Fake Optimization Criteria

Eliezer Yudkowsky10 Nov 2007 0:10 UTC

66 points

I’ve previously dwelt in considerable length upon forms of rationalization whereby our beliefs appear to match the evidence much more strongly than they actually do. And I’m not overemphasizing the point, either. If we could beat this fundamental metabias and see what every hypothesis really predicted, we would be able to recover from almost any other error of fact.

The mirror challenge for decision theory is seeing which option a choice criterion really endorses. If your stated moral principles call for you to provide laptops to everyone, does that really endorse buying a $1 million gem-studded laptop for yourself, or spending the same money on shipping 5000 OLPCs?

We seem to have evolved a knack for arguing that practically any goal implies practically any action. A phlogiston theorist explaining why magnesium gains weight when burned has nothing on an Inquisitor explaining why God’s infinite love for all His children requires burning some of them at the stake.

There’s no mystery about this. Politics was a feature of the ancestral environment. We are descended from those who argued most persuasively that the good of the tribe meant executing their hated rival Uglak. (We sure ain’t descended from Uglak.)

And yet… is it possible to prove that if Robert Mugabe cared only for the good of Zimbabwe, he would resign from its presidency? You can argue that the policy follows from the goal, but haven’t we just seen that humans can match up any goal to any policy? How do you know that you’re right and Mugabe is wrong? (There are a number of reasons this is a good guess, but bear with me here.)

Human motives are manifold and obscure, our decision processes as vastly complicated as our brains. And the world itself is vastly complicated, on every choice of real-world policy. Can we even prove that human beings are rationalizing—that we’re systematically distorting the link from principles to policy—when we lack a single firm place on which to stand? When there’s no way to find out exactly what even a single optimization criterion implies? (Actually, you can just observe that people disagree about office politics in ways that strangely correlate to their own interests, while simultaneously denying that any such interests are at work. But again, bear with me here.)

Where is the standardized, open-source, generally intelligent, consequentialist optimization process into which we can feed a complete morality as an XML file, to find out what that morality really recommends when applied to our world? Is there even a single real-world case where we can know exactly what a choice criterion recommends? Where is the pure moral reasoner—of known utility function, purged of all other stray desires that might distort its optimization—whose trustworthy output we can contrast to human rationalizations of the same utility function?

Why, it’s our old friend the alien god, of course! Natural selection is guaranteed free of all mercy, all love, all compassion, all aesthetic sensibilities, all political factionalism, all ideological allegiances, all academic ambitions, all libertarianism, all socialism, all Blue and all Green. Natural selection doesn’t maximize its criterion of inclusive genetic fitness—it’s not that smart.
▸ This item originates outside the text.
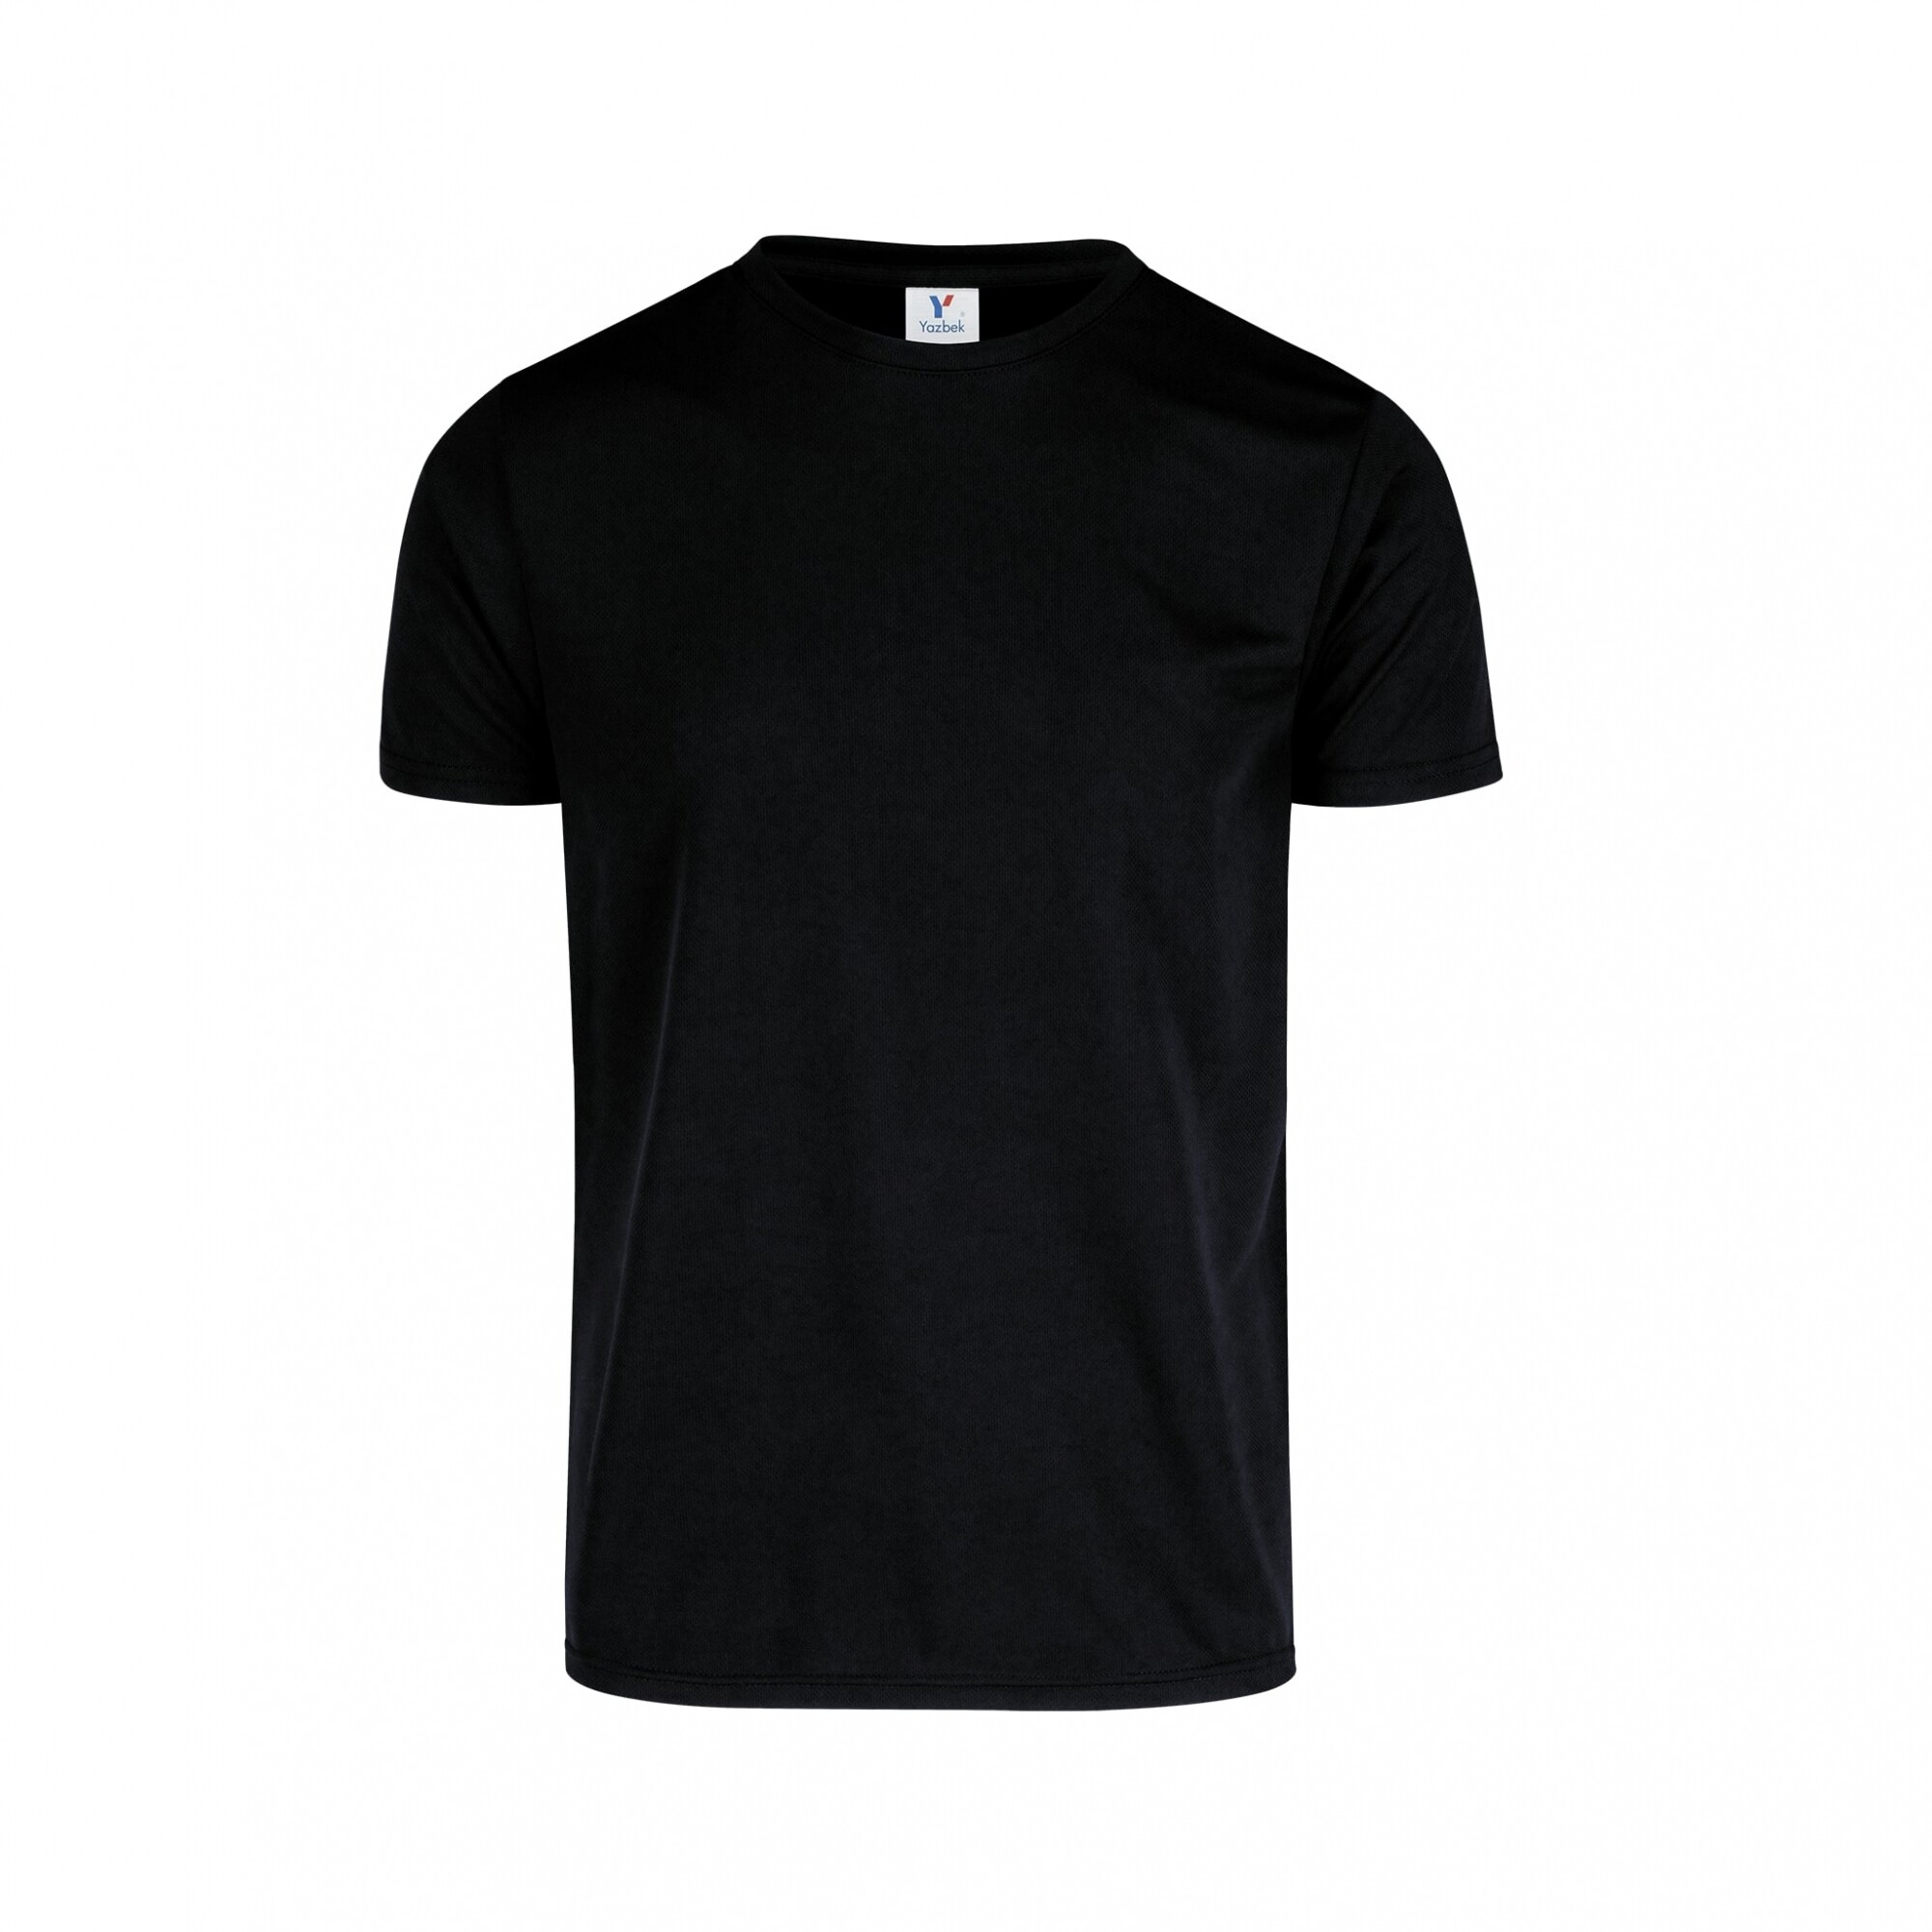 Camiseta a la base dry - Negro Indiewears

But when you look at the output of natural selection, you are guaranteed to be looking at an output that was optimized only for inclusive genetic fitness, and not the interests of the US agricultural industry.
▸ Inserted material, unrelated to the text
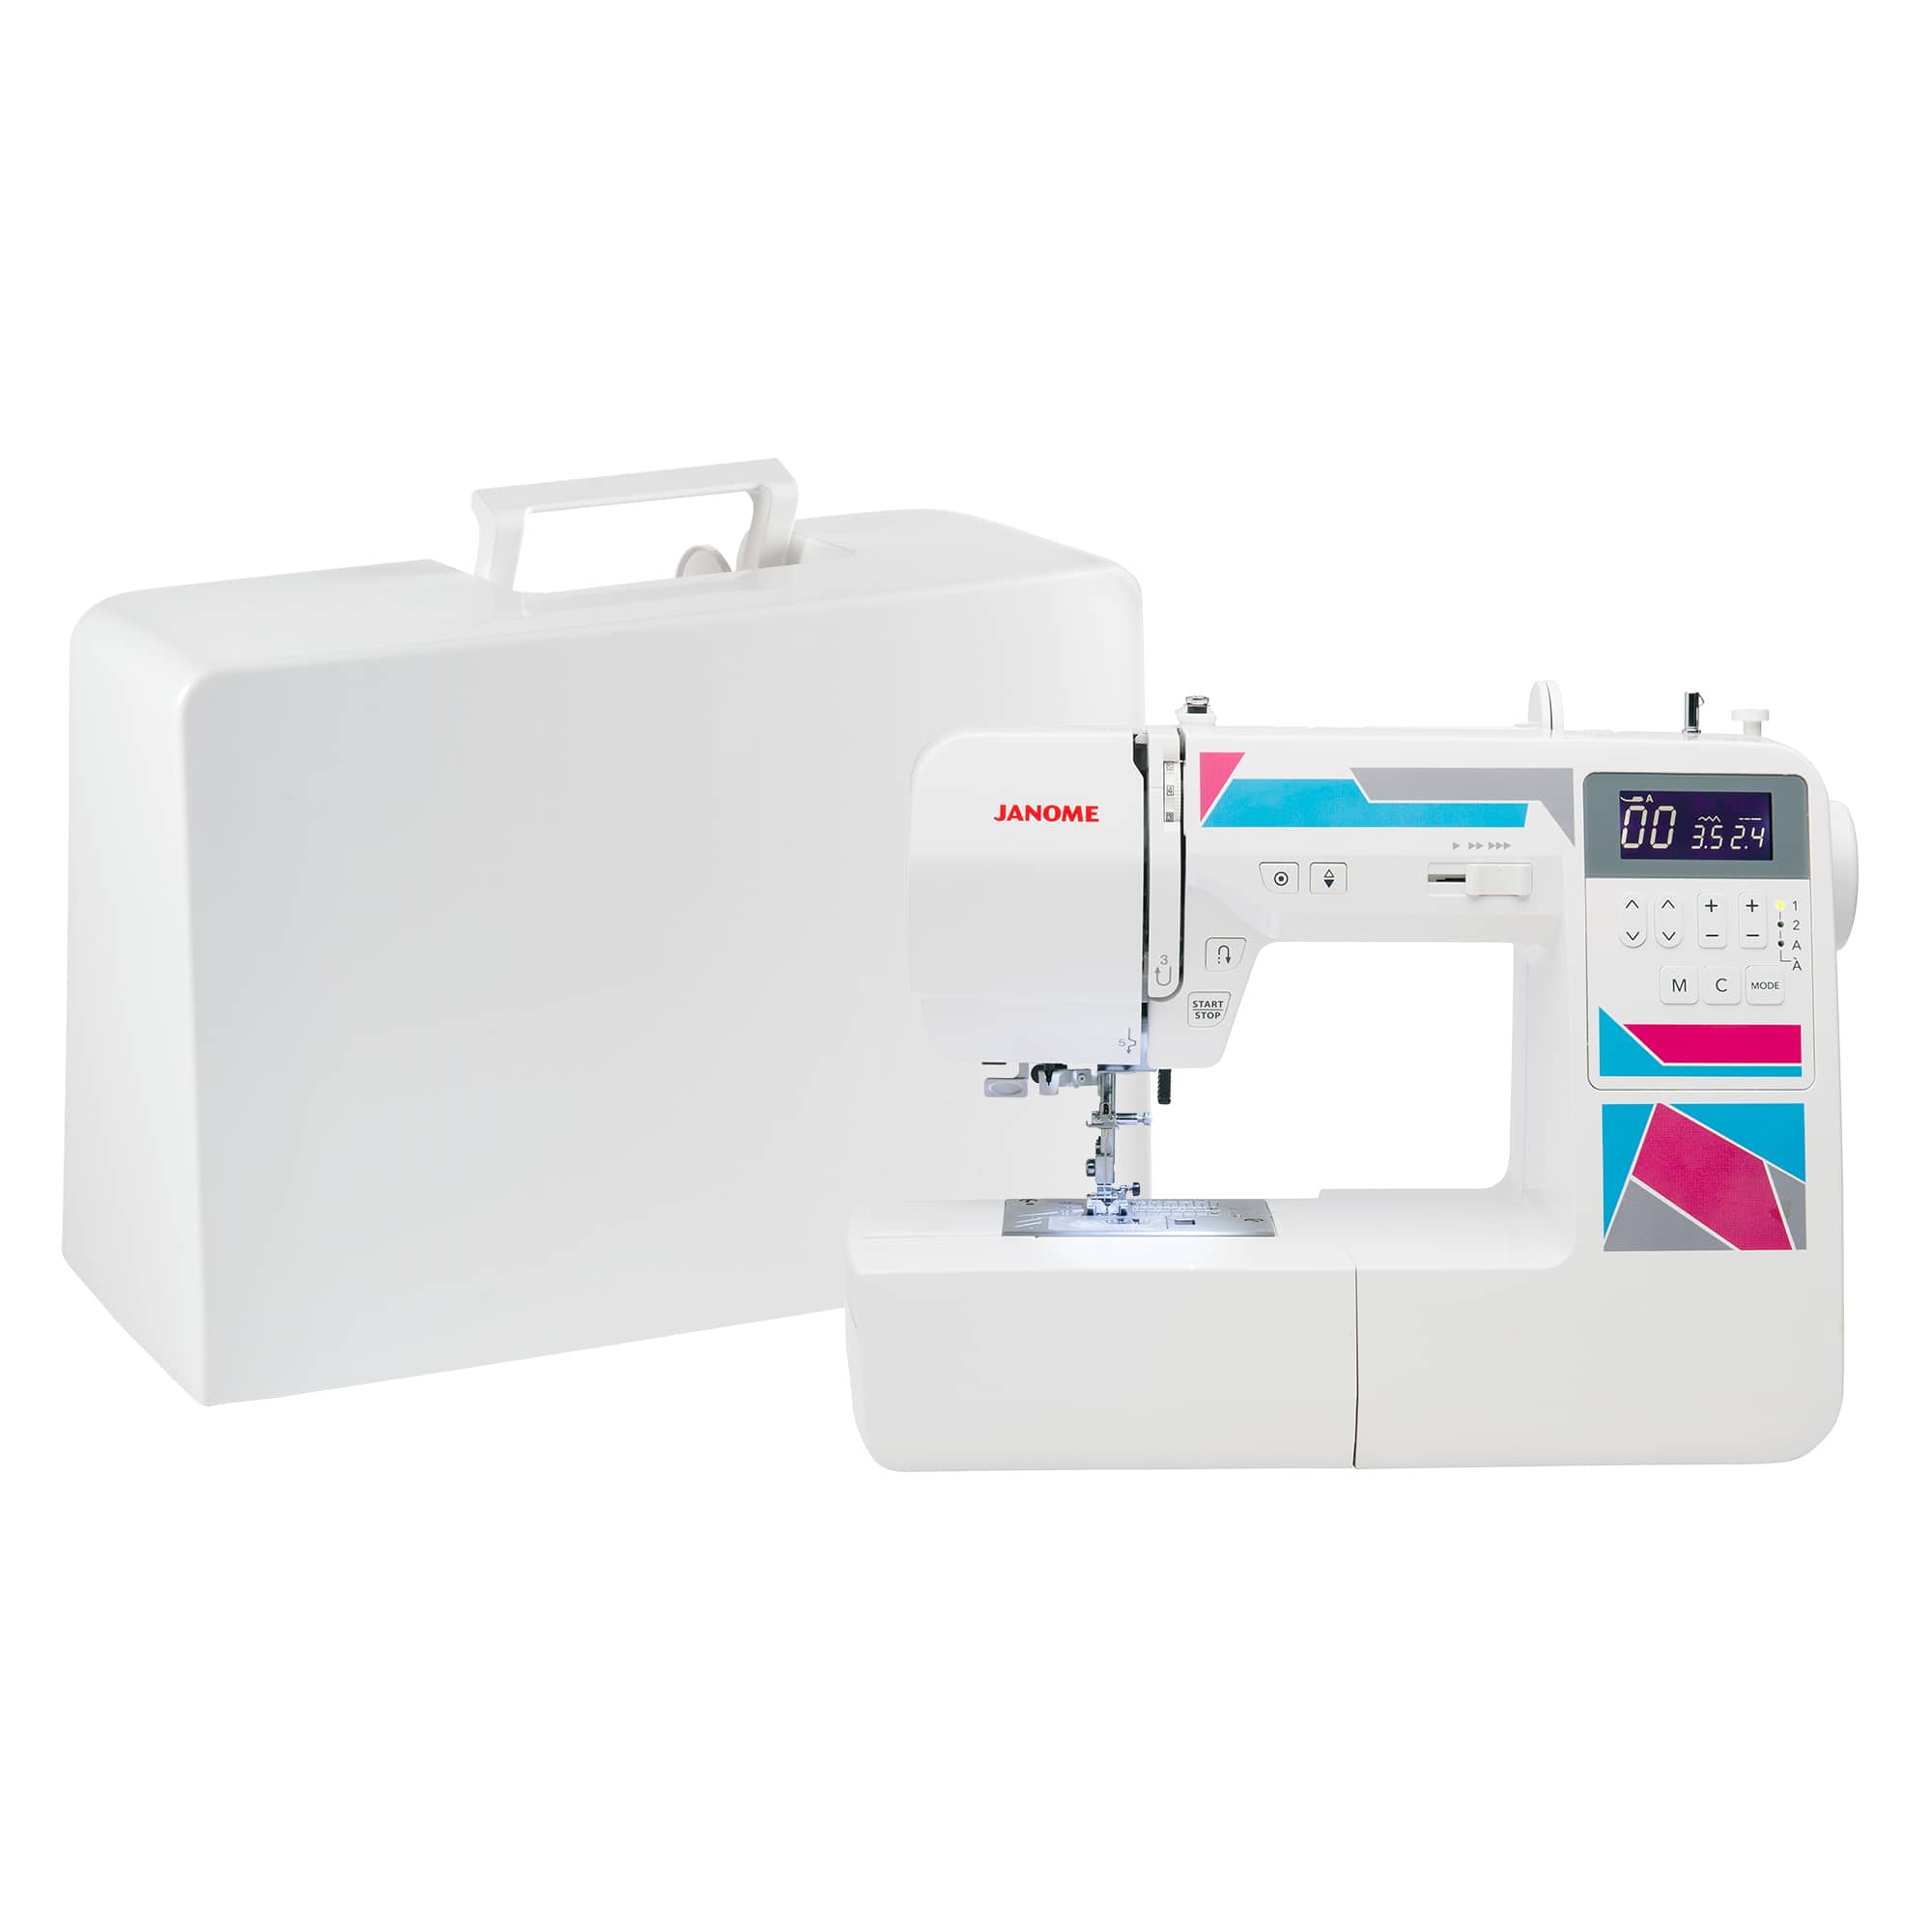 Handheld Sewing Machine by Loops & Threads®

In the case histories of evolutionary science—in, for example, The Tragedy of Group Selectionism—we can directly compare human rationalizations to the result of pure optimization for a known criterion. What did Wynne-Edwards think would be the result of group selection for small subpopulation sizes? Voluntary individual restraint in breeding, and enough food for everyone. What was the actual laboratory result? Cannibalism.

Now you might ask: Are these case histories of evolutionary science really relevant to human morality, which doesn’t give two figs for inclusive genetic fitness when it gets in the way of love, compassion, aesthetics, healing, freedom, fairness, et cetera? Human societies didn’t even have a concept of “inclusive genetic fitness” until the 20th century.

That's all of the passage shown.